Goals that help achieve this include:
promoting self-esteem and confidence
increasing problem-solving skills through cooperation and other pre-social behavior
developing fantasy play that facilitates imagination and creative thinking processes
fostering awareness of the world by participating in a variety of experiences
providing an environment that gives children opportunities to learn by doing –
moving from concrete hands-on experiences to more abstract concept development
Reggio Emilia Philosophy
The Reggio Emilia philosophy and approach to the education of young children began in Reggio Emilia, Italy in the late 1940's - early 1950's. The late Loris Malaguzzi was the principal innovator and leader in this approach. Over the years he guided the parents and teachers in Reggio Emilia in the development of the Reggio philosophy. It is founded in the idea that education is based on relationships--it encompasses the nature of children, learning, and teaching.
The Reggio Emilia approach is built upon a solid foundation of connected philosophical principles and extensive experience. Educators in Reggio Emilia have been inspired by many early childhood psychologists and philosophers, such as Dewey, Piaget, Vygotsky, Gardner, and Bruner.
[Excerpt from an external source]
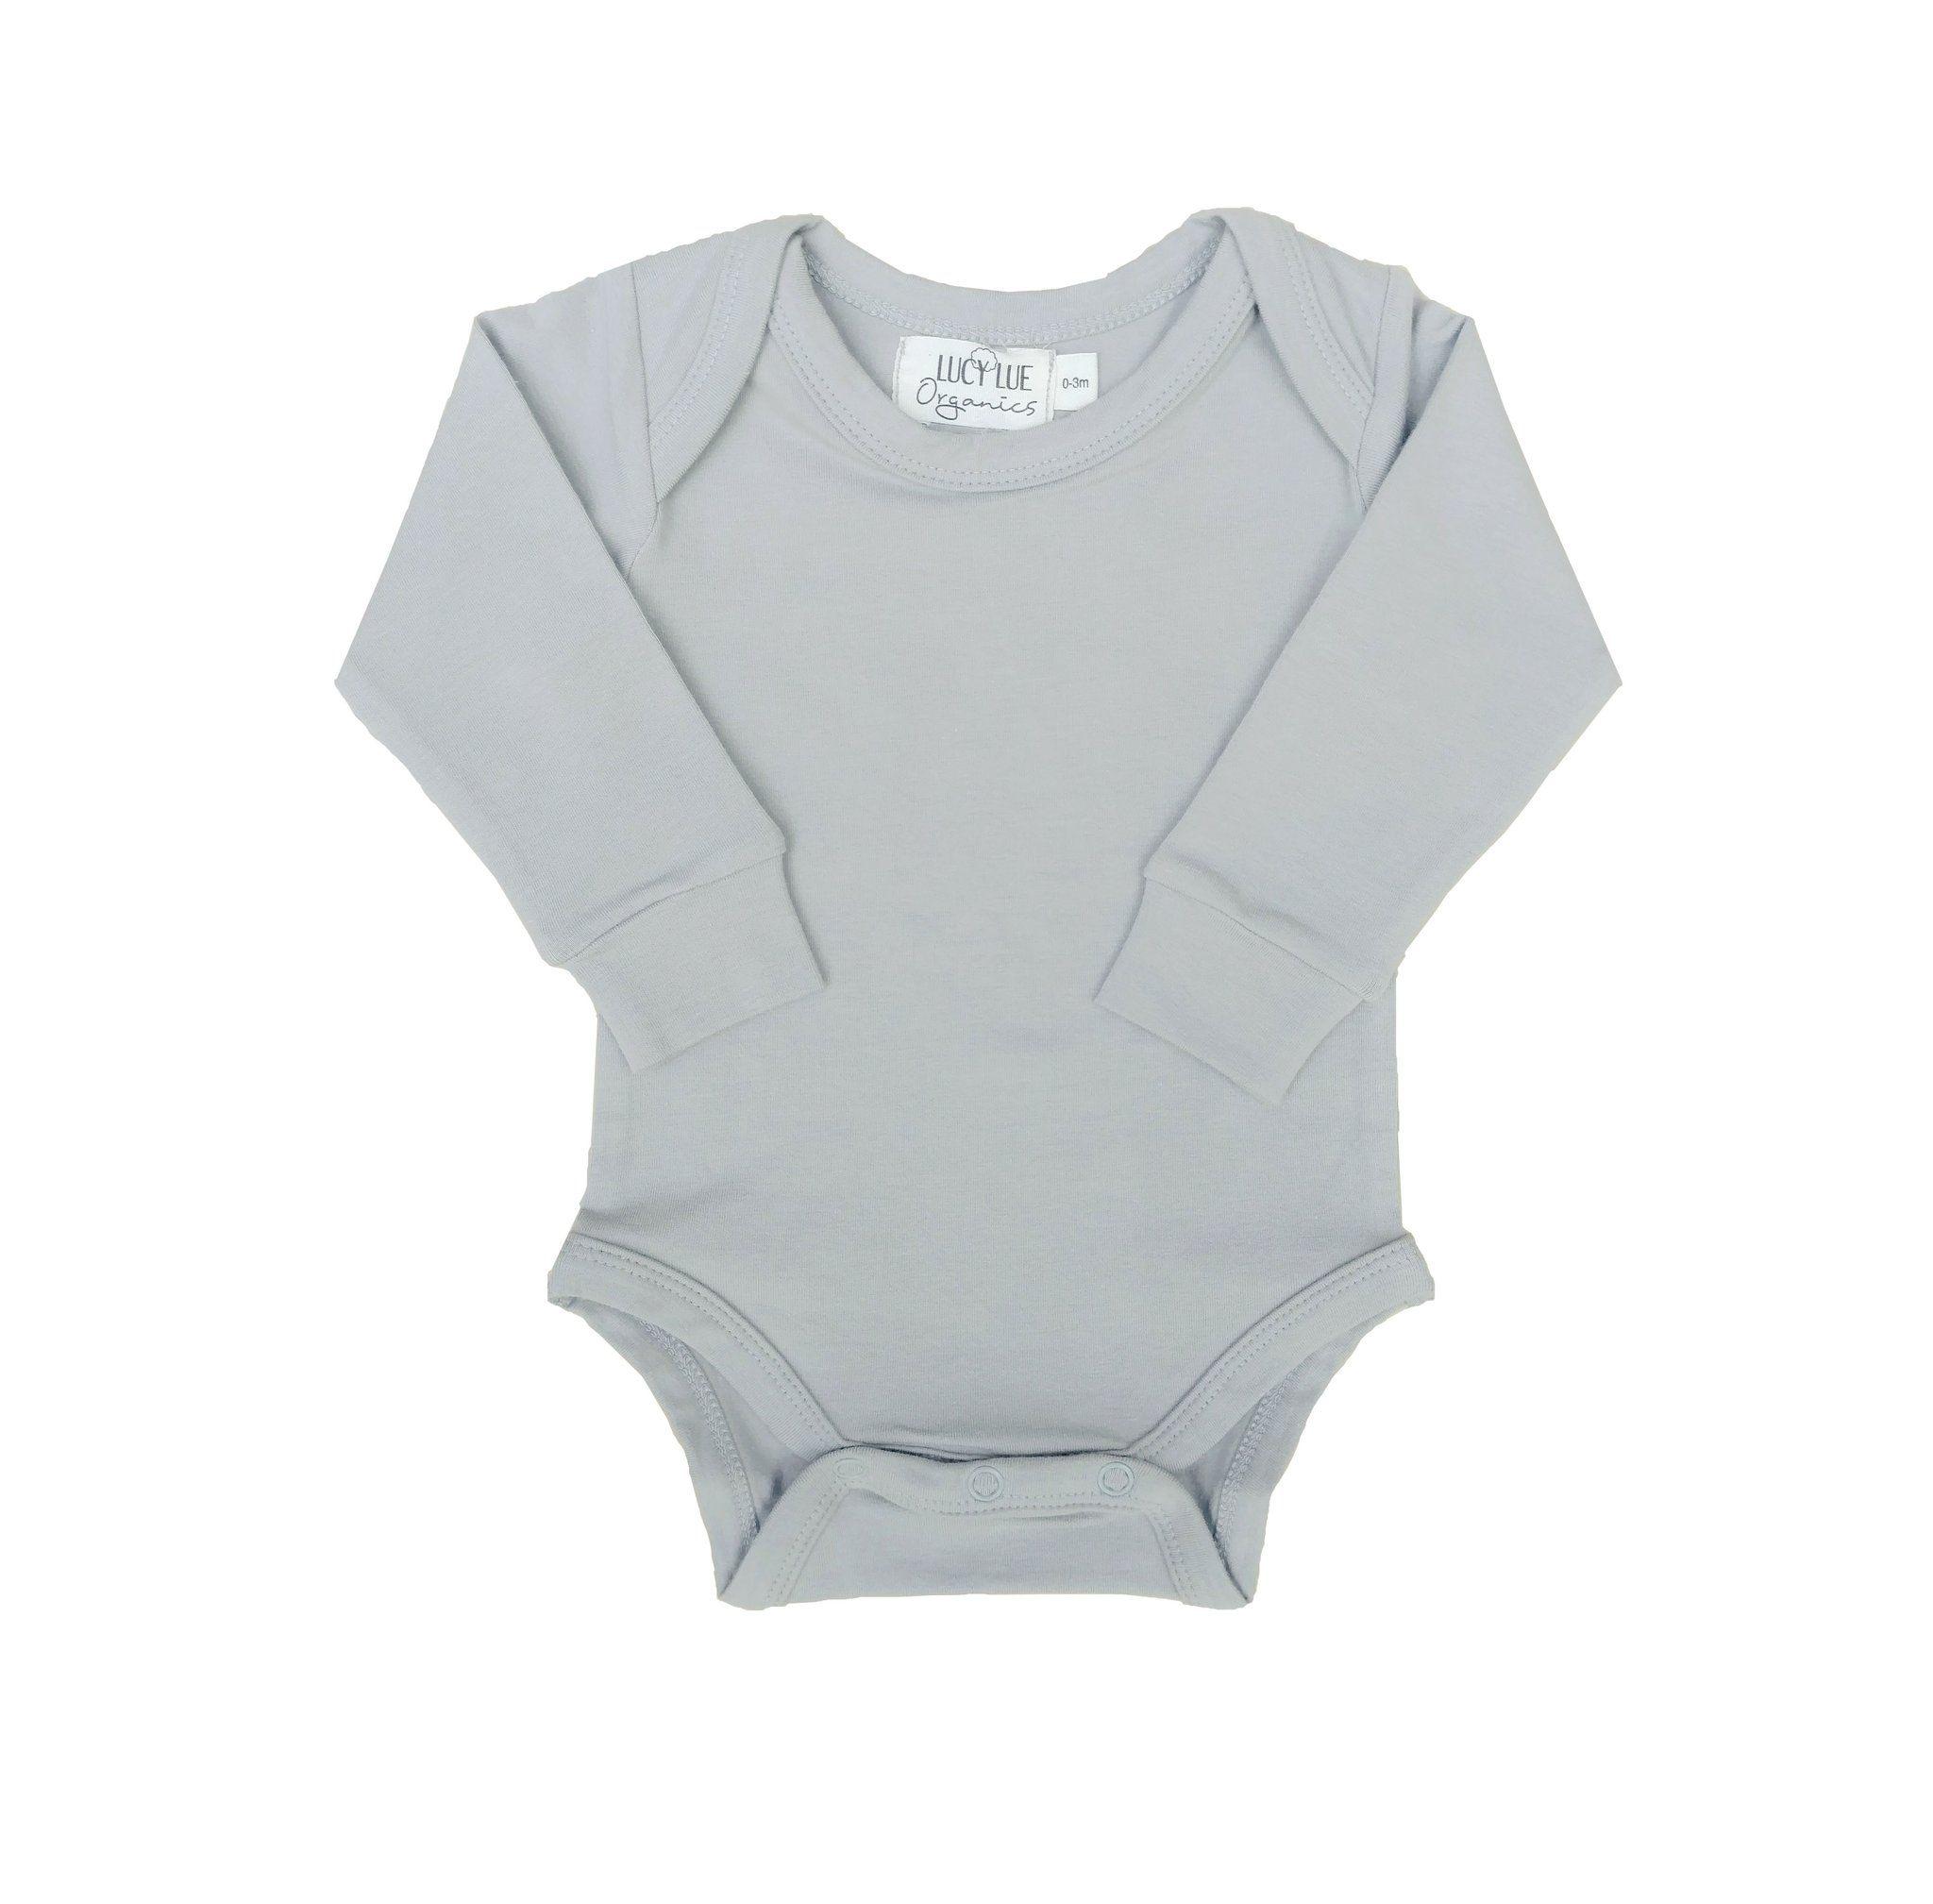 fa57189e9 Organic bodysuits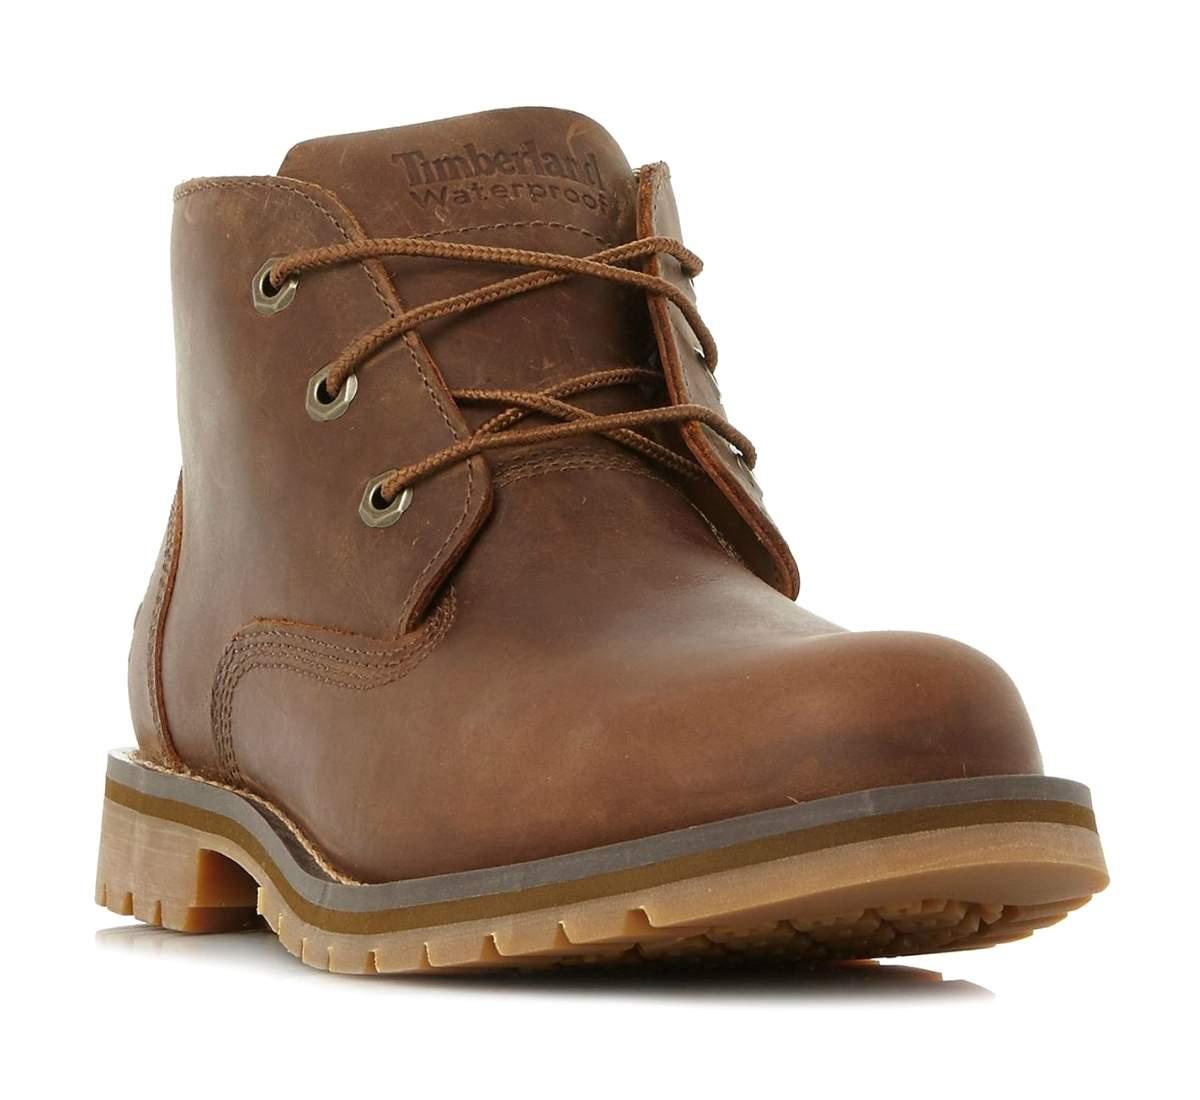 sports shoes 8651c de7e4 Details zu Timberland Mens Brown 3 Eye Waterproof Leather Chukka Boots UK  11 EU 45.5

Therefore the Reggio approach is not an early childhood method or set curriculum, but rather a deep knowledge in theory and community-constructed values that have been and are continuously being translated into high-quality early childhood practices. As a result, educational theory and practice in Reggio Emilia is strongly connected.
The Reggio approach seeks to help children connect to the knowledge they already have, expand upon that base of knowing, and to internalize the skills of observing, communicating, questioning, and information gathering. Connections to art, music, movement, and nature are built during this process. Not only are the teachers and children a part of this process, but families and the community are involved as well.